Data records:

============================================================

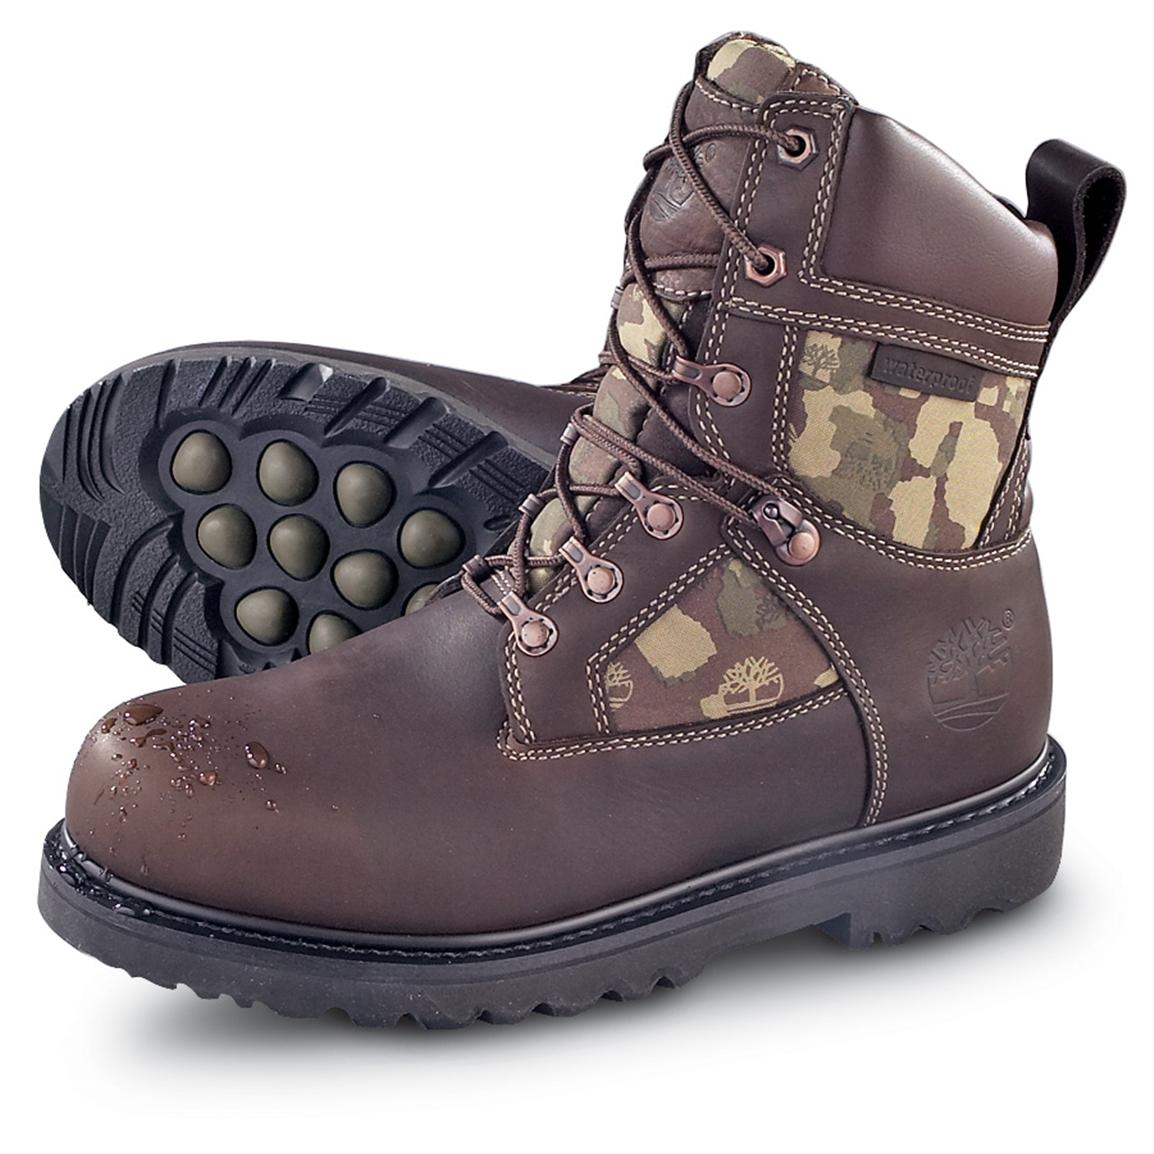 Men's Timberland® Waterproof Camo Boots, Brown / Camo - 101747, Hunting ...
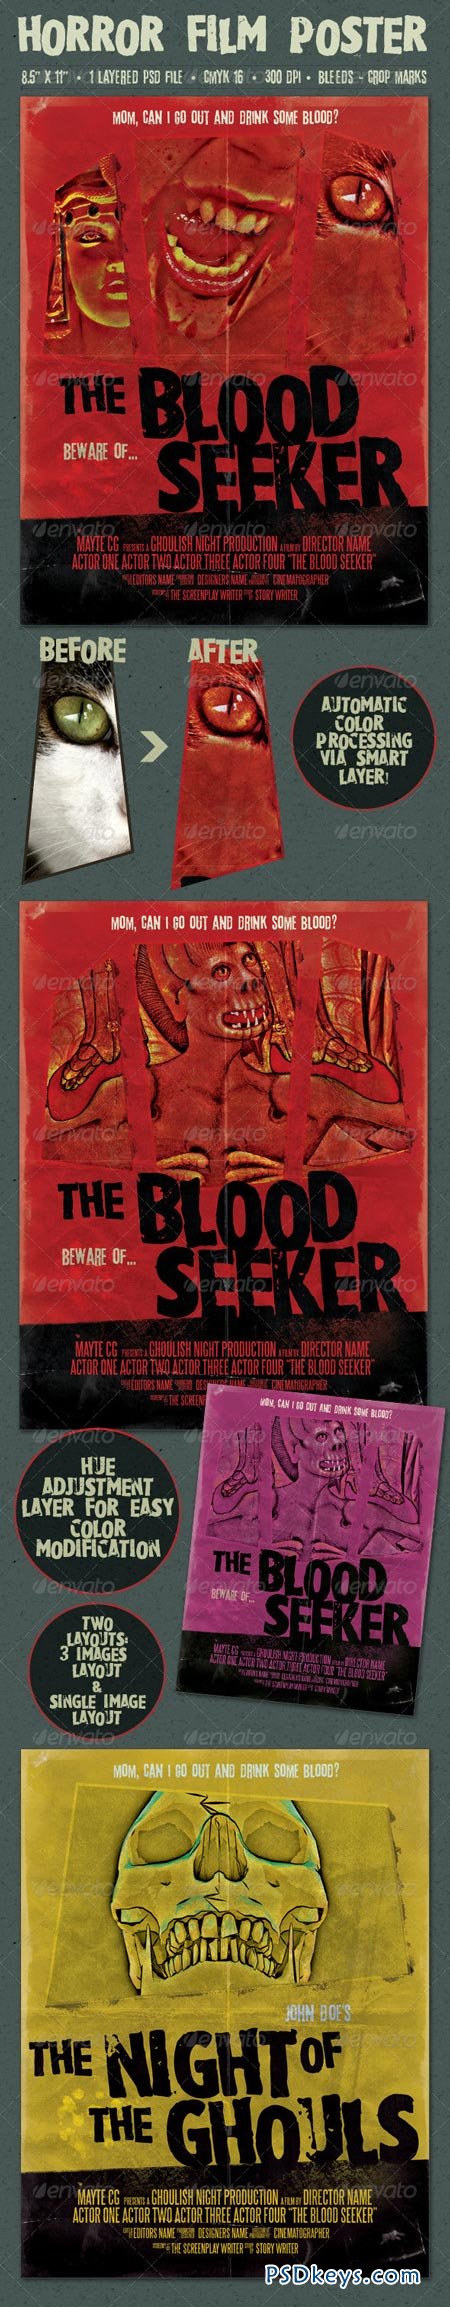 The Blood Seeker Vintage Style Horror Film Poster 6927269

============================================================

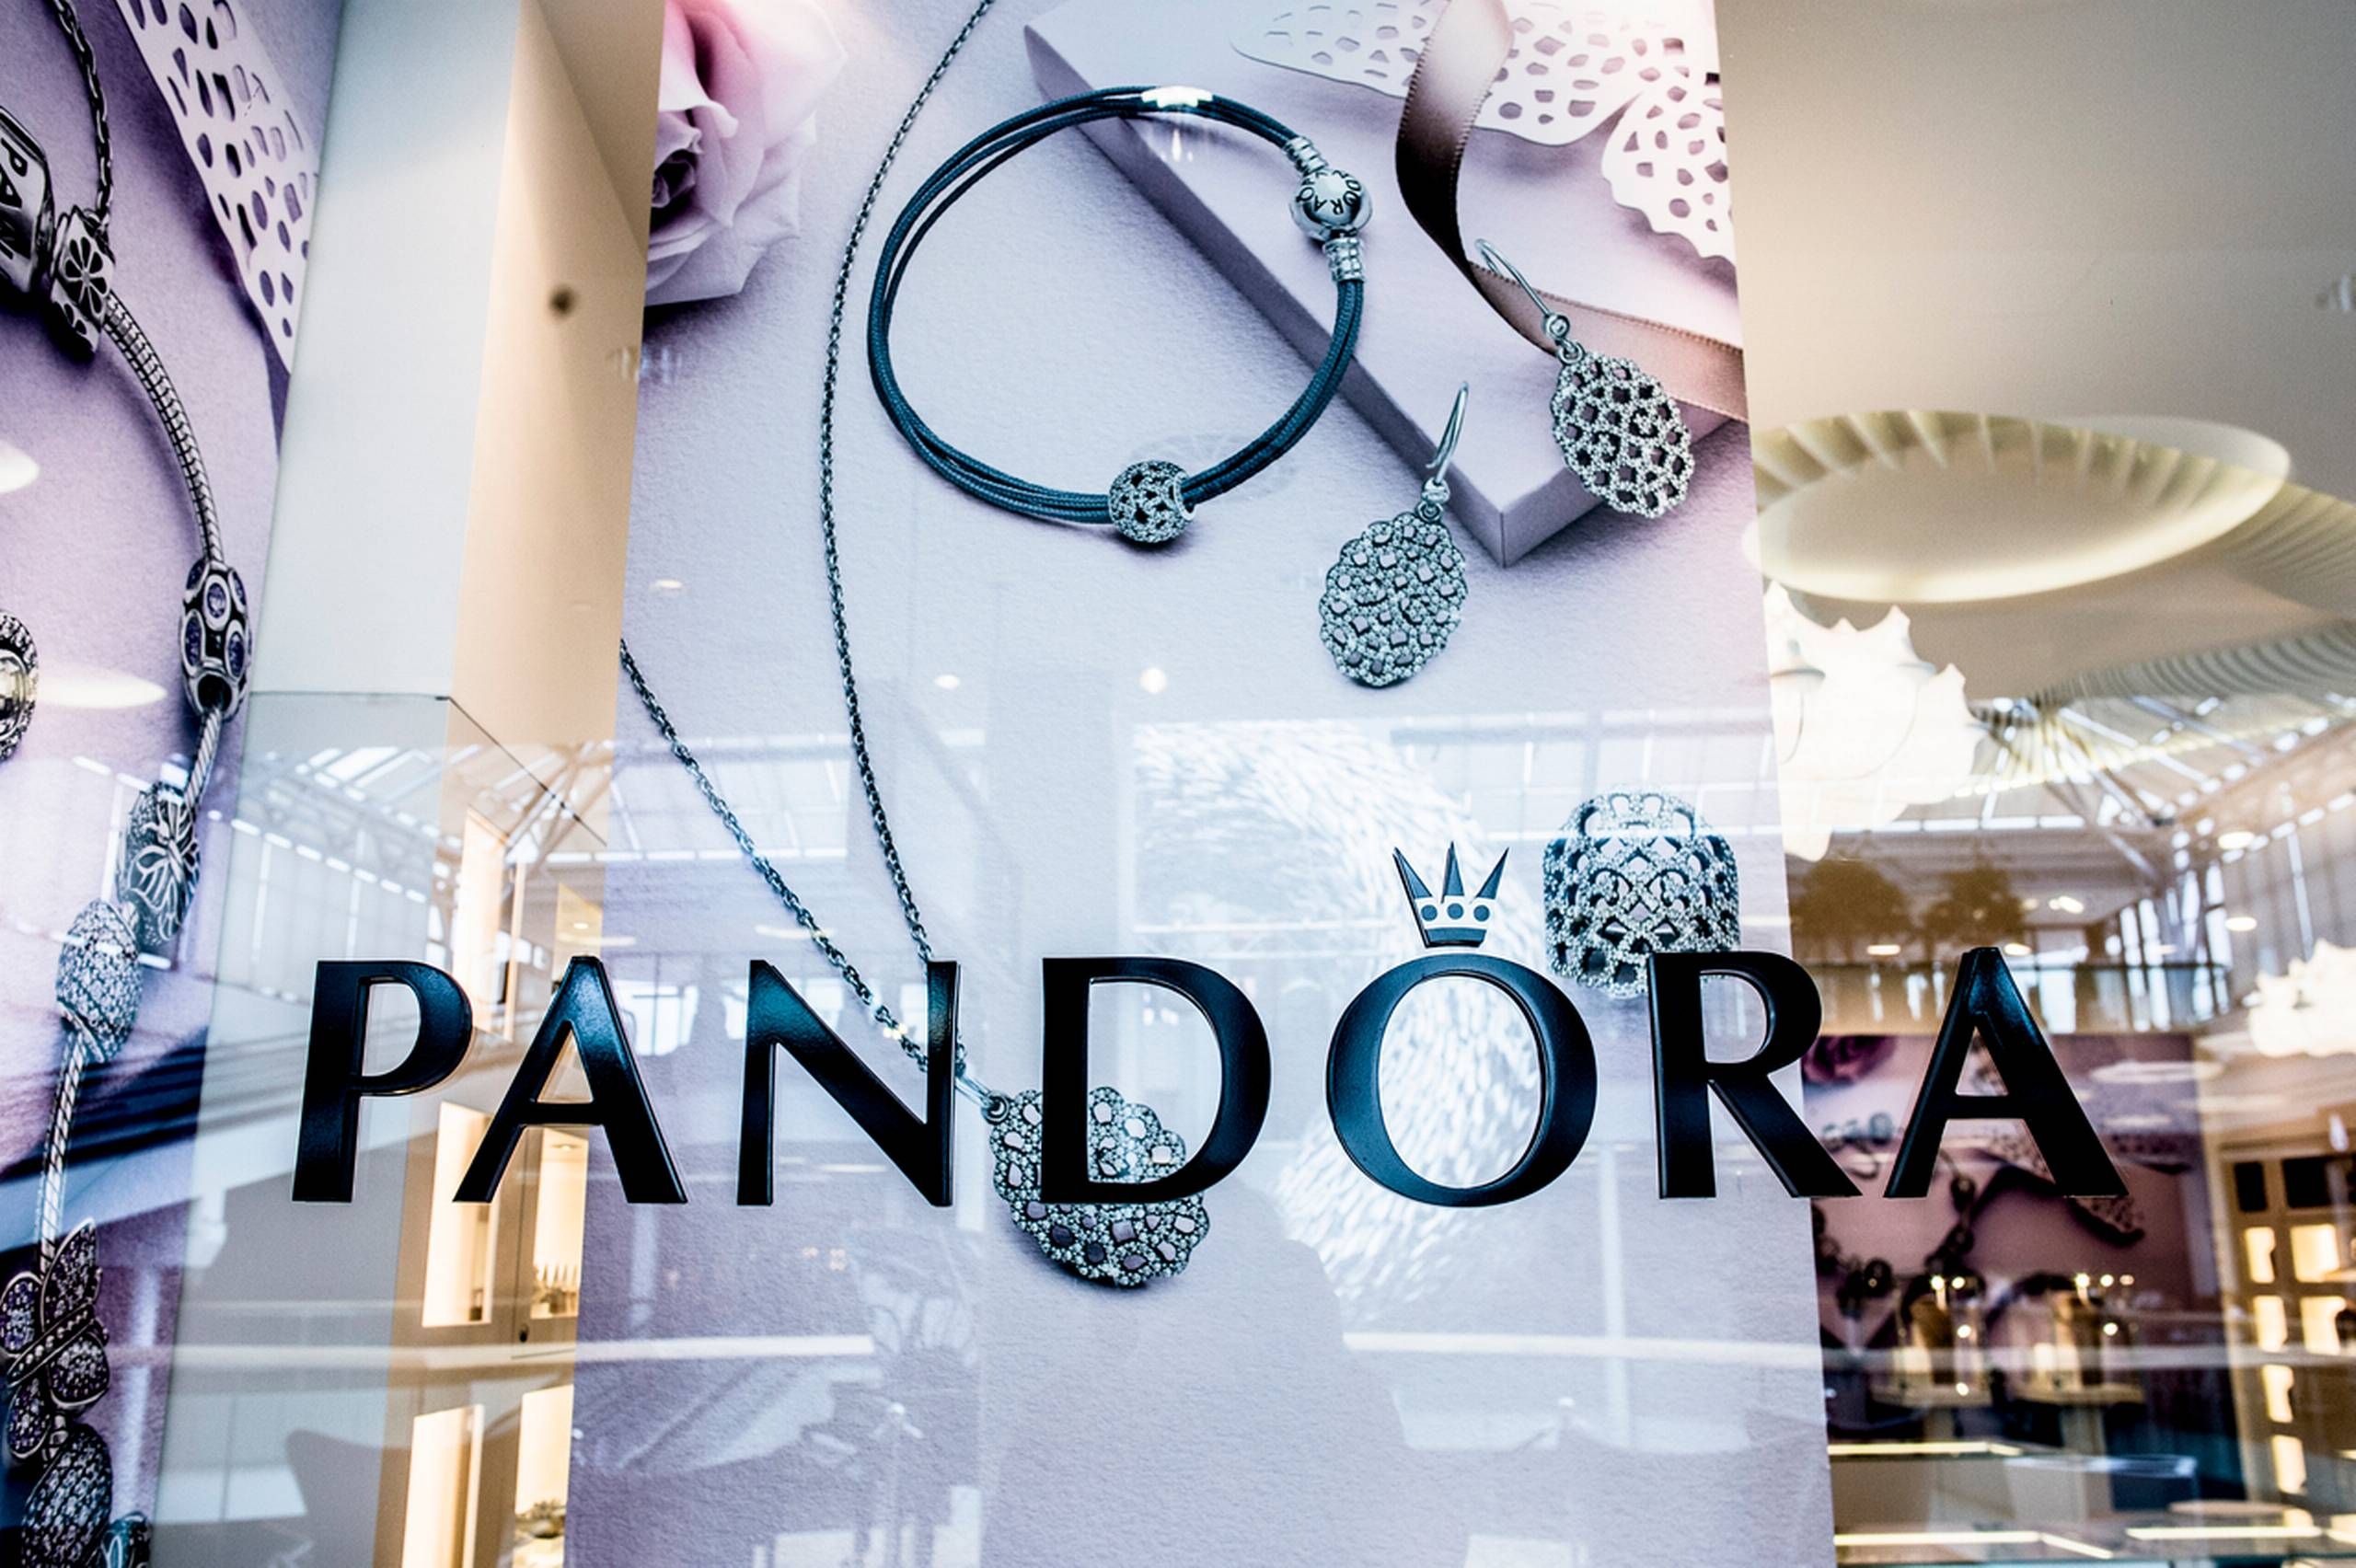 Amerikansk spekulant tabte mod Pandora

============================================================

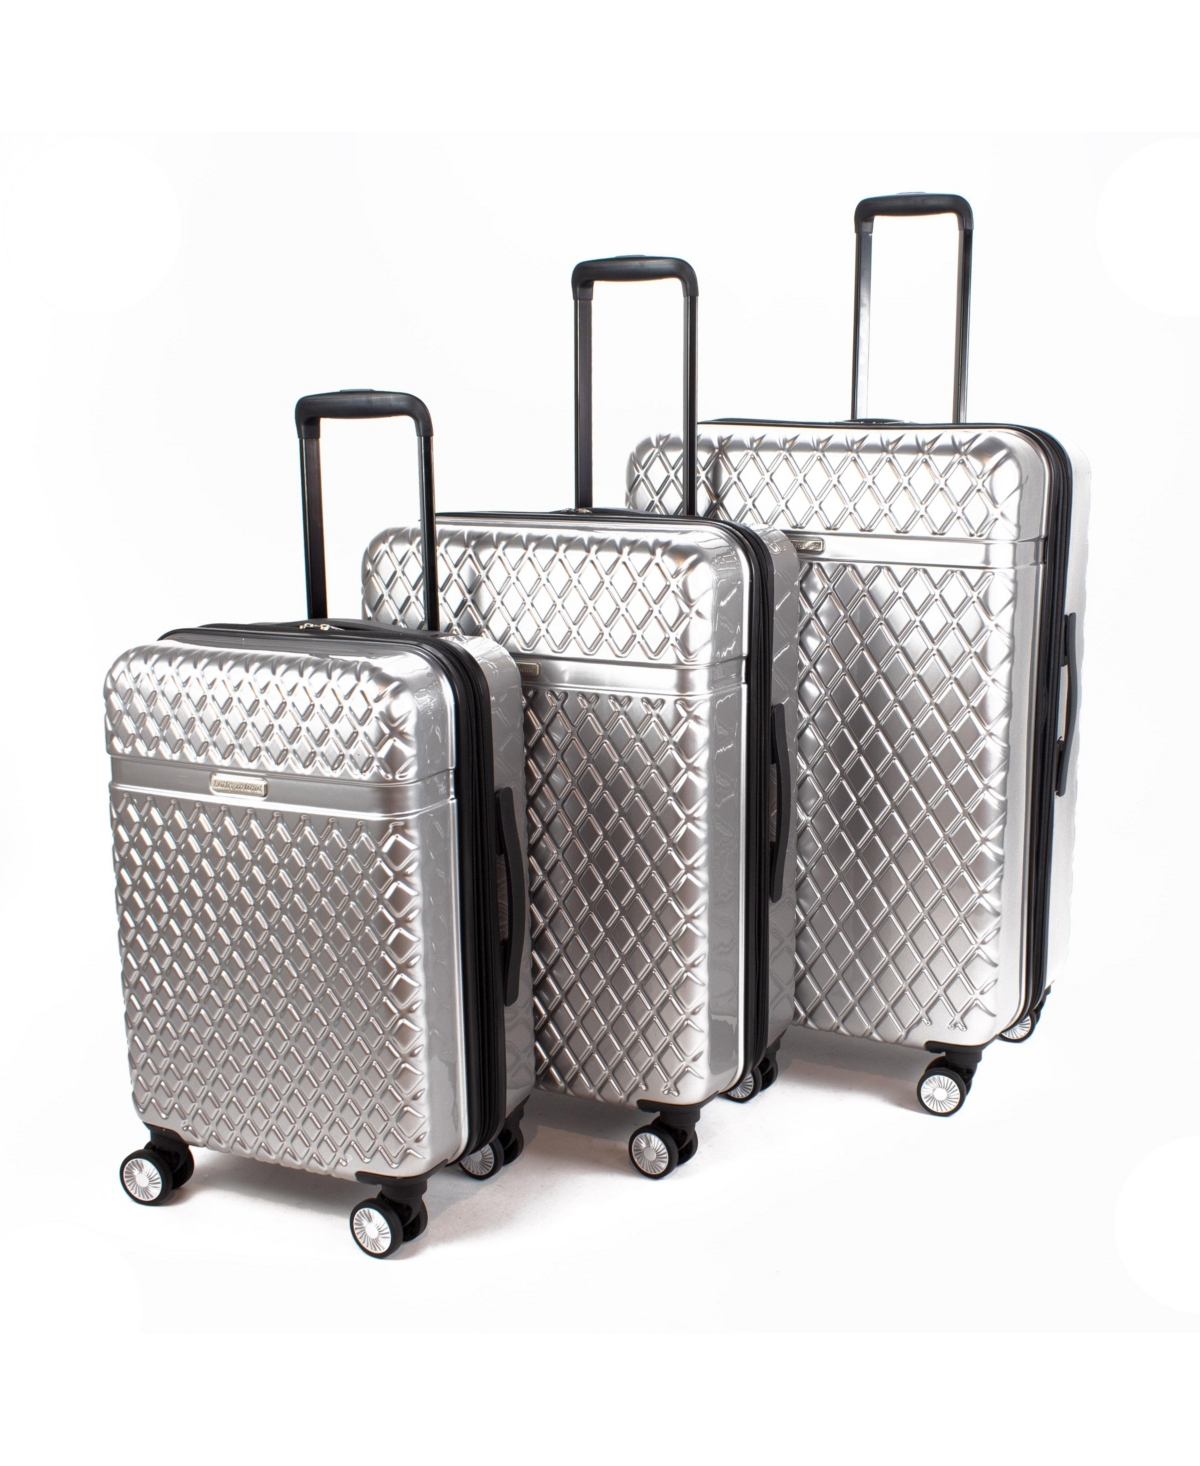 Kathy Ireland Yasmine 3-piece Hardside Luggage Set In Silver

============================================================

Skipping every picture, transcribe exactly the lines above from the one containing "Men's Timberland® Waterproof" through the one containing "The Blood Seeker", both included.

 Men's Timberland® Waterproof Camo Boots, Brown / Camo - 101747, Hunting ...
 The Blood Seeker Vintage Style Horror Film Poster 6927269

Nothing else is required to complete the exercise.